As I have previously written about for films like Written on the Wind and All That Heaven Allows I am a big fan of a good melodrama. With The Man In Grey we have an example of the Gainsborough melodrama, a British-made melodrama in period settings. Sounds like an incredibly niche area, but so are Hammer Horrors and they got their entry on the list with Dracula.
Now, from the way I’ve started off this blog post, it sounds like this film isn’t on the list by it’s own merits – rather it’s one of those entries there to extend the coverage. Not so. I loved this film and found it to be the perfect accompaniment to a grey Sunday afternoon in October.
It’s interesting to note that The Man in Grey is considered a part of the long-running tradition of ‘women’s films’: films where female stars and problems faced by women take centre stage. The Man in Grey certainly fits this mould with Phyllis Calvert and Margaret Lockwood taking the centre stage as two old school friends in Regency-era England.
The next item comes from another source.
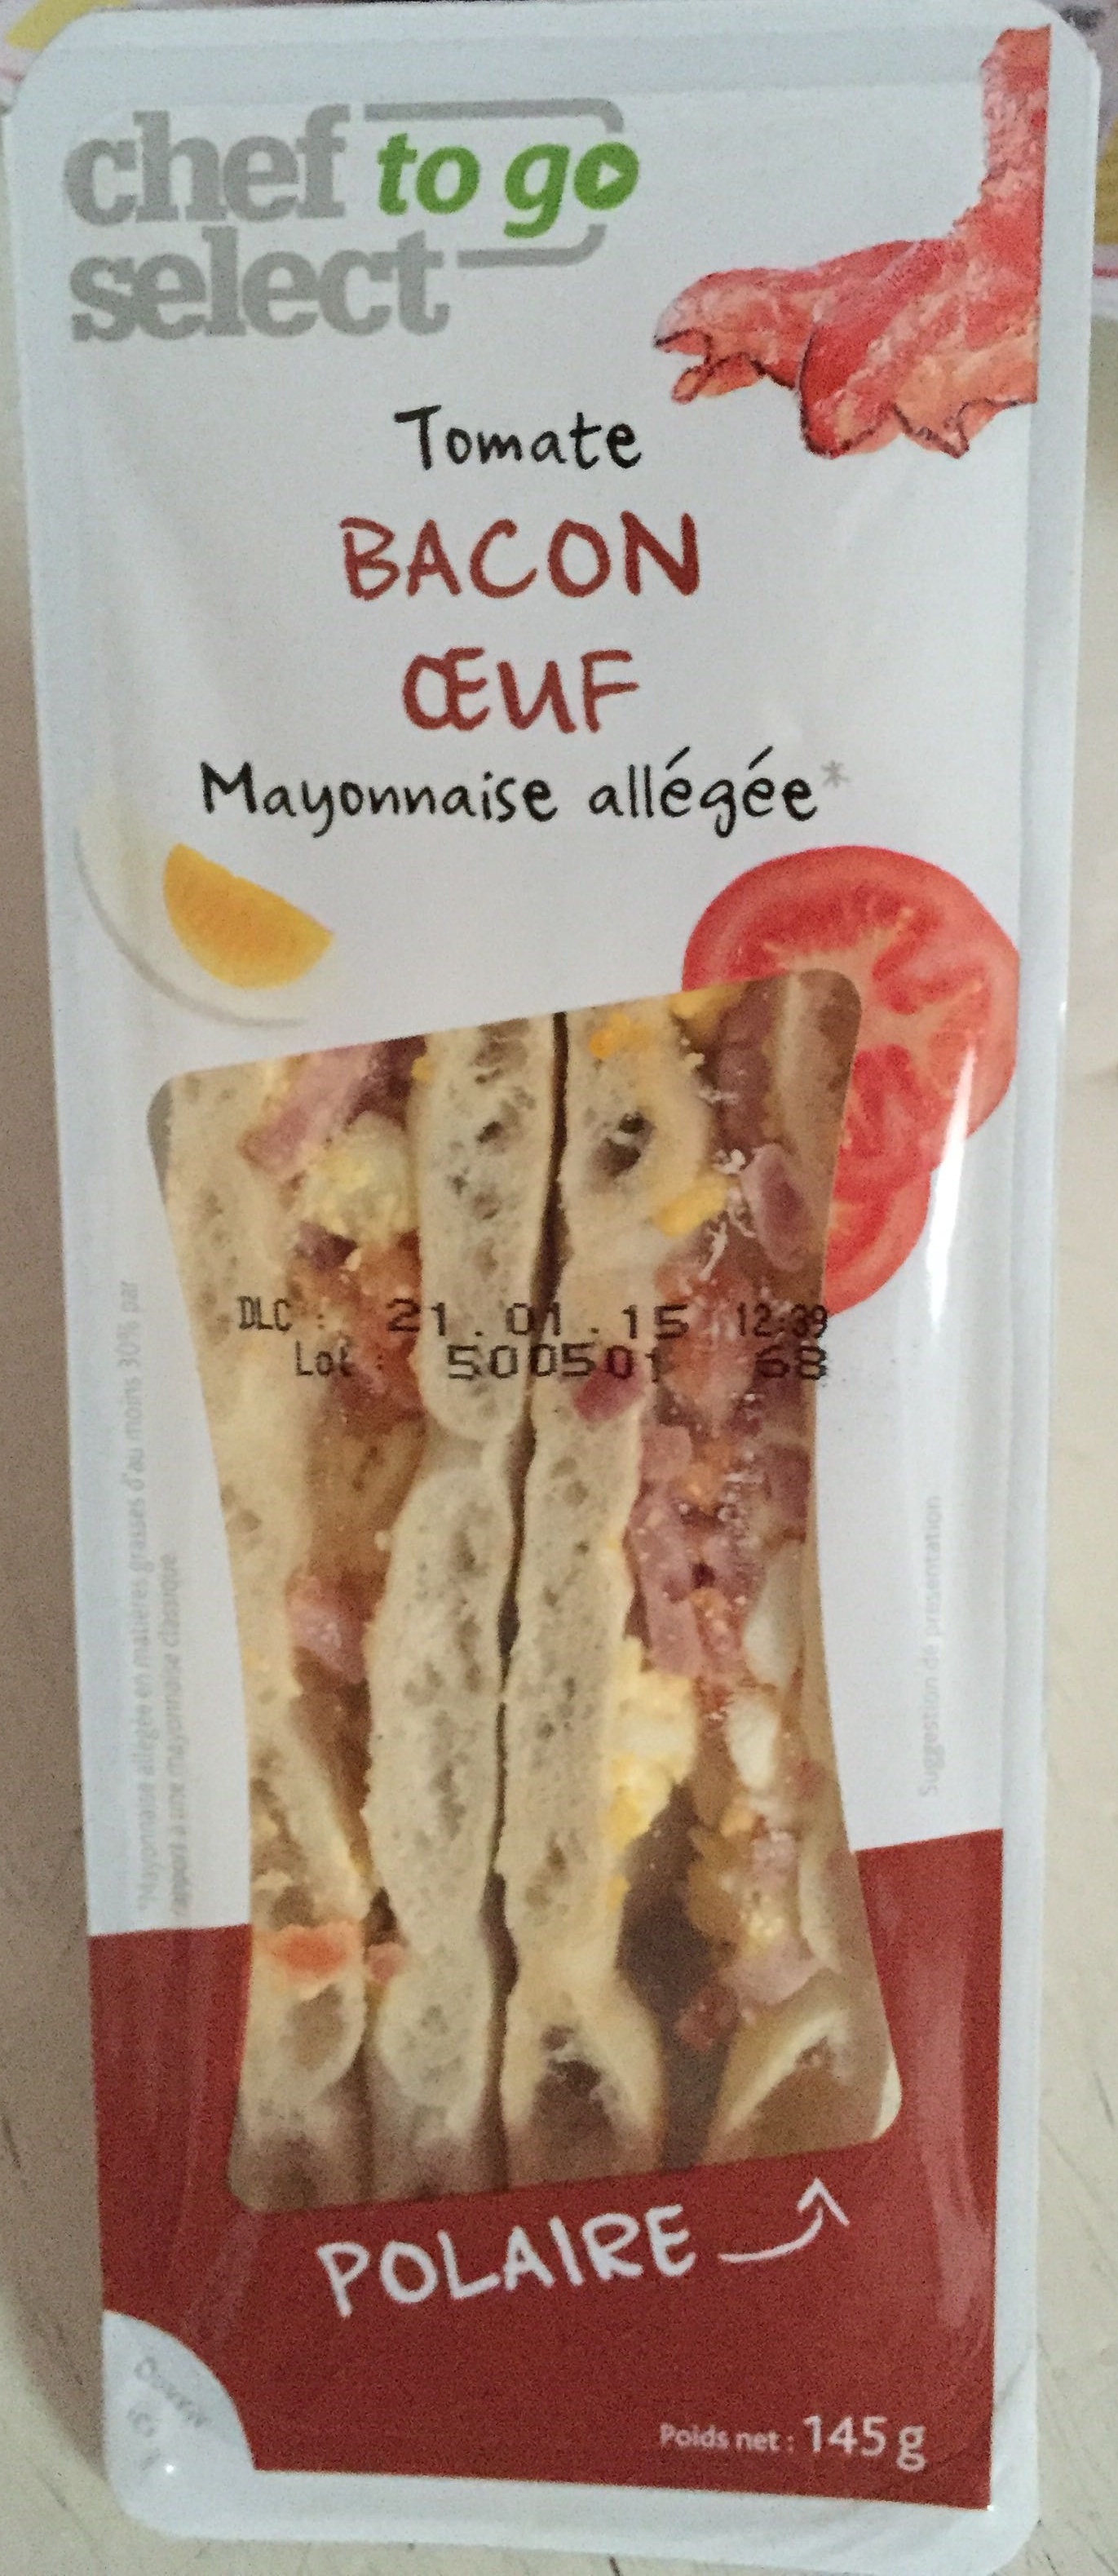 Sandwich polaire Tomate - Select Go allégée Chef Mayonnaise - Bacon Oeuf g 145 to

The book says that the story is pretty standard fare. It’s essentially the tragic story of two friends who make bad choices when it comes to marriage and their actions when it comes to be with the men they truly love. Save to say, no one really makes it out of the film alive -the final scene features a woman being beaten to death by a walking stick and I still get a little bit breathless thinking about the barbarity in that.
The acting form all four leads is exemplary and it’s this that really takes this film from being a throwaway watch on a Sunday afternoon to a film I’m happy to have in the DVD library. The only exception to this would be the child actor who, for no real reason, spends the whole movie in blackface. I’m guessing that he’s meant to be playing a servant boy from the Indian subcontinent… but couldn’t they have just found an actor of the right skin colour?
Despite being a little dated in places (including single uses of every racial epithet you can think of when referring to black people) this film still really holds up to this day. I didn’t actually expect to enjoy it as much as I did. Proves you never can tell with this list.